In my first blog on the superfood diet to fight and prevent cancer, I addressed juicing and smoothies/shakes as an easy and convenient way to make greens and fruits the mainstay of your diet. If you start your day with a juice or smoothie that includes at least 2-3 servings of greens, you are well on your way to an anti-cancer diet. In part 2, I’d like to highlight key ingredients for a super salad you can enjoy for lunch or dinner.
This comparative study demonstrated the antiproliferative and antioxidant activities of vegetables. Of the common vegetables studied, garlic (part of the Allium family) showed the most anti-cancer activity. In this lab study, garlic stopped growth in all tumor cell lines investigated – breast, brain, lung, pancreatic, prostate, brain and stomach cancer. Leeks (also part of the Allium family), cruciferous vegetables (broccoli, brussels sprouts, cauliflower, etc.), spinach and beets also showed cancer stopping power. So the inclusion of allium, cruciferous, root and green vegetables is an important and tasty element of the anti-cancer diet.
So I would start with some greens like kale, spinach, watercress, arugula – then add some cruciferous vegetables like broccoli, broccoli sprouts, cabbage. There are several reasons why cruciferous vegetables are so good for you:
- They have an active compound called Indole-3-carbinol which is known to be an immune booster and has been studied for its anti-tumor properties.
- They also contain sulforaphanes – these are sulfur-based compounds that have been studied for their chemopreventive activities.
- Broccoli sprouts are considered to have 25X more sulforaphanes and 100X more indole-3-carbinol than regular broccoli. If you want to supercharge, you can purchase them in your local health store or grow your own. I keep my diet simple and stick to eating standard cruciferous vegetables but it’s an option if you’d like to try.
Add to the salad some beans – this versatile plant protein contains a compound called IP-6 and has also been studied for its anti-cancer properties. If you can, try sprouted beans as sprouting them unlocks the enzymes and amps up the nutrition.

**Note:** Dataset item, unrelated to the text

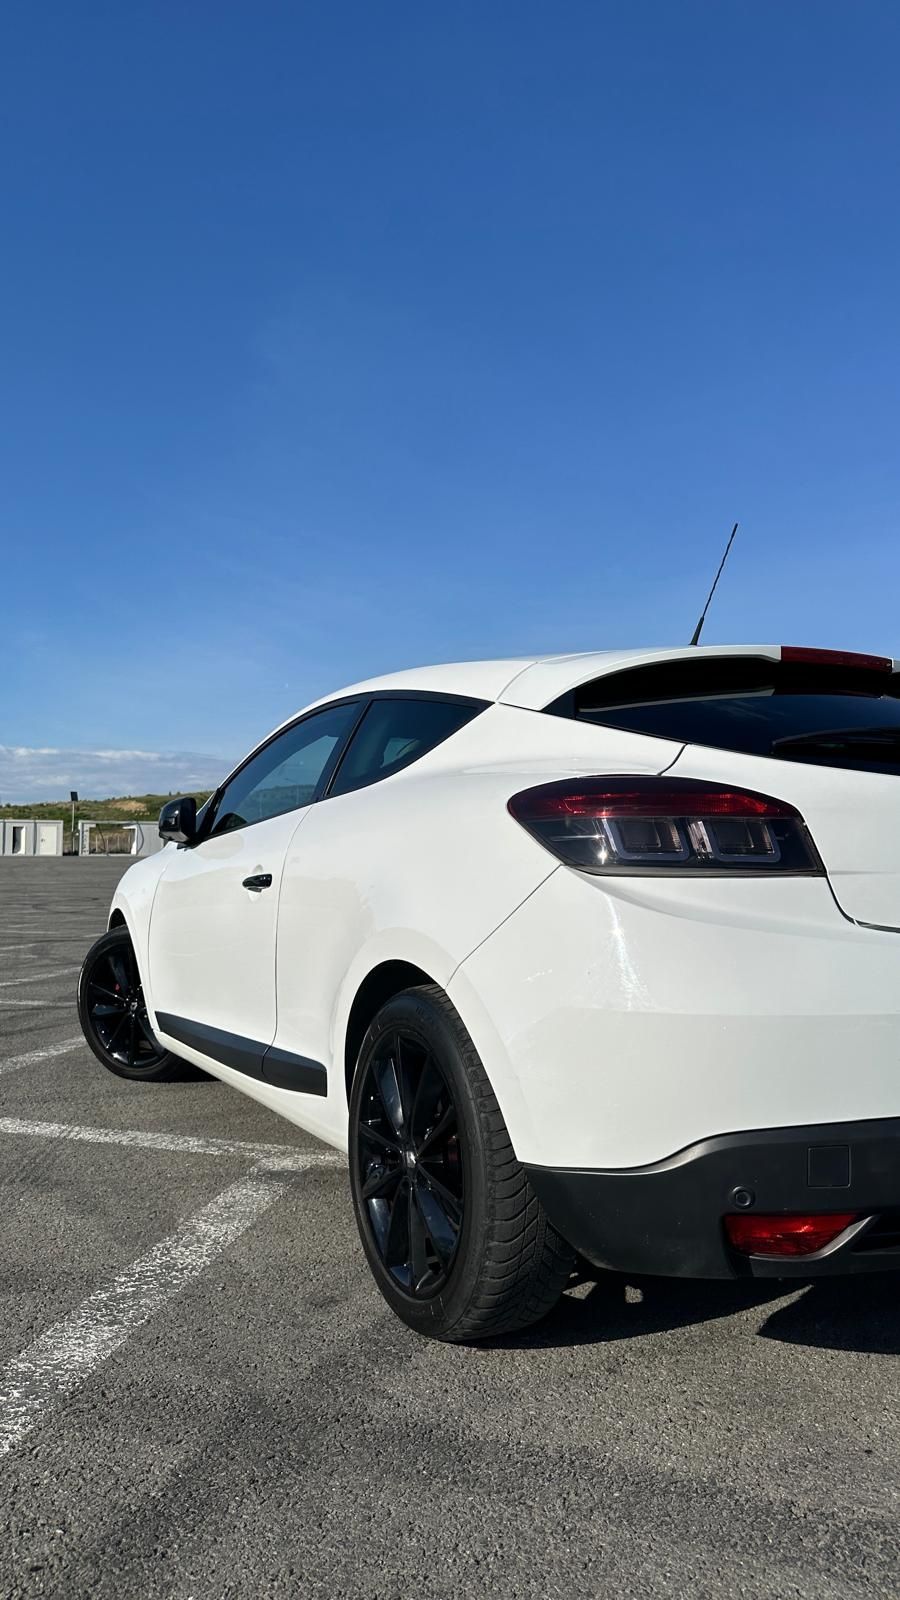 Renault Megane 3 coupe 1.4 tce

Next, add some immune boosting and anti-inflammatory mushrooms. They have been shown to suppress aromatase (which promotes breast cancer) better than any other vegetable. Also, one cup of white button mushrooms has been shown to accelerate the secretion of immune system antibodies in saliva by 50% to improve mucosal immunity.
To top it off, throw in some healthy nuts (almonds, walnuts), an avocado (best source of mono-unsaturated fatty acids) and you’re ready for the dressing.
For convenience, make enough salad and dressing for several days – keep the toppings separate from the greens and toss with dressing when ready to serve.
For salad dressings, it’s best to use extra virgin olive oil or organic flax oil. Olive oil has an active compound called oleocanthal which has been studied for inflammation, cancers and neurodegenerative diseases.
Flax oil is rich in omega-3 fatty acids and shown to inhibit in vitro proliferation of human cancer cells.
You can mix the olive oil with organic apple cider vinegar (which is a good source of probiotics, potassium and enzymes), lemon, garlic and spices to your liking. Make sure the spices are organic and purchased in small quantities as potency will decline with cabinet aging.
- Turmeric is one of the most potent anticancer spices as it contains the active compound curcumin. Studies have shown that curcumin inhibits cell mutation, metastasis, and tumor growth without negatively impacting healthy cells. Just remember to add some black pepper when using turmeric. The active compound in black pepper called piperine, is known to increase the bioavailability of the curcuminoids in turmeric.
- Oregano is a potent anti-microbial and antioxidant, contains vitamin K, iron and the flavonoid quercetin.
- Cayenne Pepper – These hot peppers contain capsaicin which also exhibit anti-cancer activity by altering the expression of genes involved in cancer growth angiogenesis and metastasis.
- Black Cumin – Known as nigella sativa and used for centuries throughout the world as a natural remedy, this amazing spice has been studied for its anti-cancer, apoptotic effect, antitumor, antioxidant and malignancy properties. Also sold as black seed oil, it has a nice peppery flavor and can be a great addition to your salad dressing.